On-site developers give them the ability to immediately address any irregularity. The biggest hold-up people had with DriveELD this week wasn’t software-oriented, it was with potential clients not knowing they need two separate e-mail addresses to sign up. This isn’t a DriveELD thing, it’s an FMCSA thing and it has to do with security.

The owners and founders have backgrounds in telematics, medical software and law. Medical software is extremely specific stuff, a high level of confidence in their abilities to encrypt and maintain security comes with knowing they have this background. Also, having a lawyer on board to navigate, translate and make sure their system is in compliance with all the FMCSA mumbo-jumbo gives yet another boost of consumer confidence in the product.

It also helps that it’s cheap. It’s a $99 annual subscription (some trucks may need a plug adapter — it’s $25), which might be the cheapest on the market for those that have subscription fees. I would actually encourage anyone who is still shopping around to do so liberally – just because I’m impressed with this one doesn’t mean it’s the best one for you. Knowledge is power – I can’t stress that enough with the ELD. Learn as much as you can about the system you’re purchasing.

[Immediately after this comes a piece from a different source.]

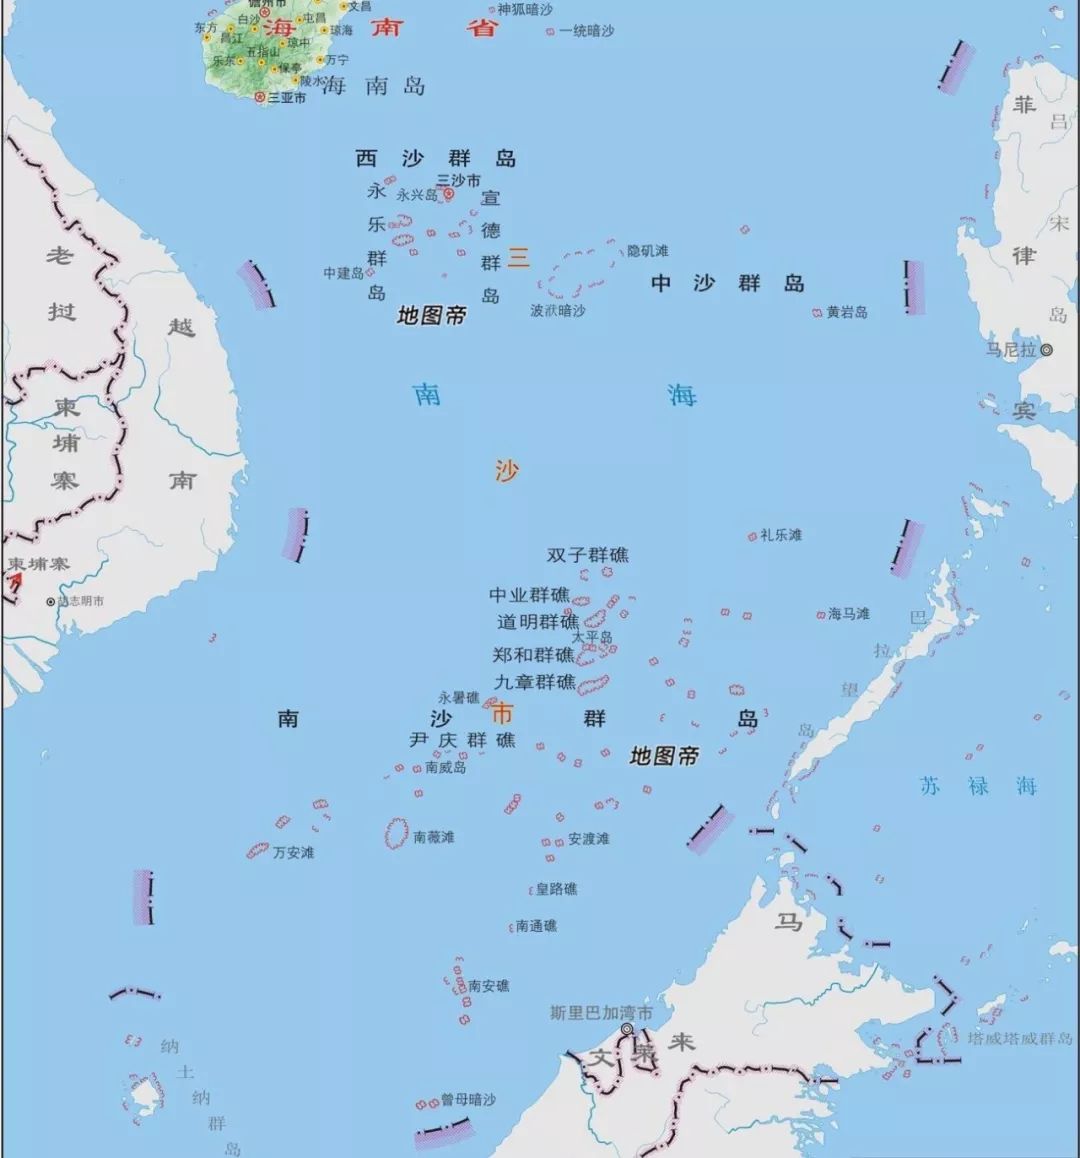 67南沙南薇滩静静地躺在祖国的南中国海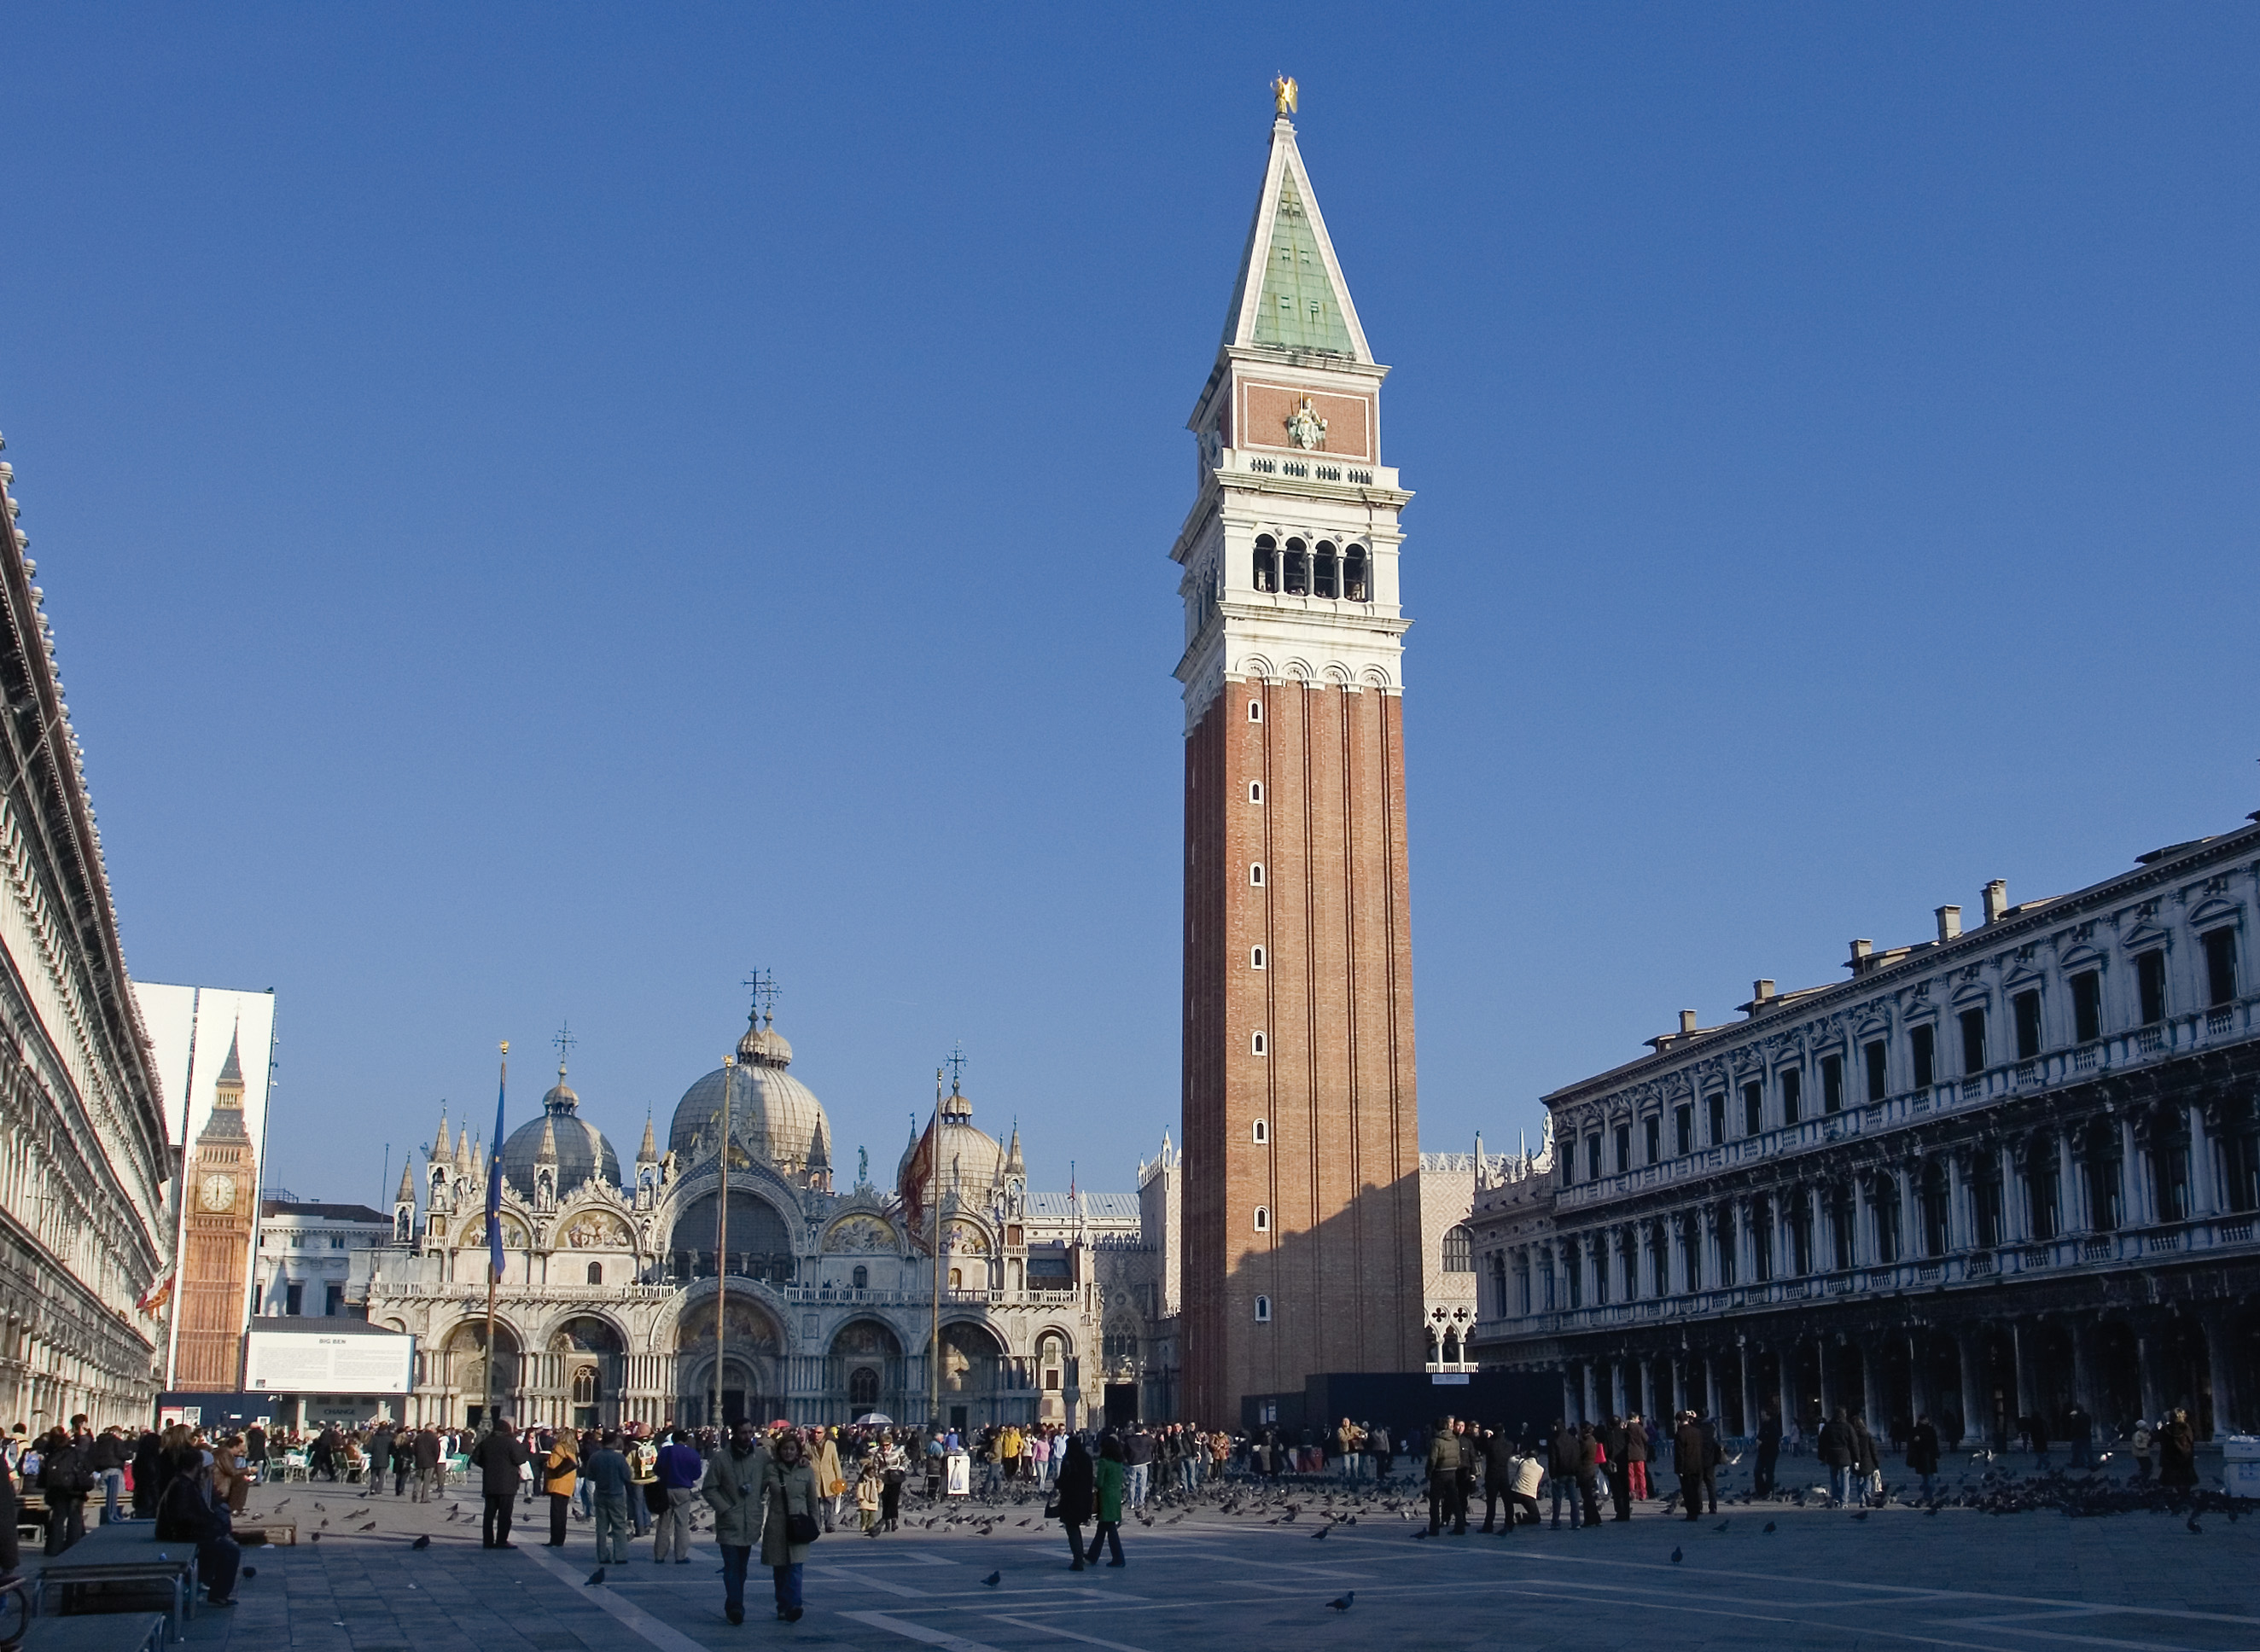 Tháp chuông Thánh Mark - St. Marks Bell Tower - Venice - Ý

Find more about DriveELD and a bevy of other ELD options via this linked big quick-comparison chart.Find more about DriveELD and a bevy of other ELD options via this linked big quick-comparison chart.

Here’s something of note about DriveELD, and something you want to ask about any system you’re considering – the owners of DriveELD believe the personal information you generate belongs to you and you alone, and they will not give it to anyone else or allow data to be generated from it. If you’re concerned with privacy, it’s an important question to ask – make sure you don’t agree to a reduced fee for the use of your information somewhere in the fine print.

Don’t panic-buy an ELD. If you need one and don’t have one, it’s time to get one. Ask questions, make sure of the agreements you’re signing and, above all, remain lawful to the best of your ability.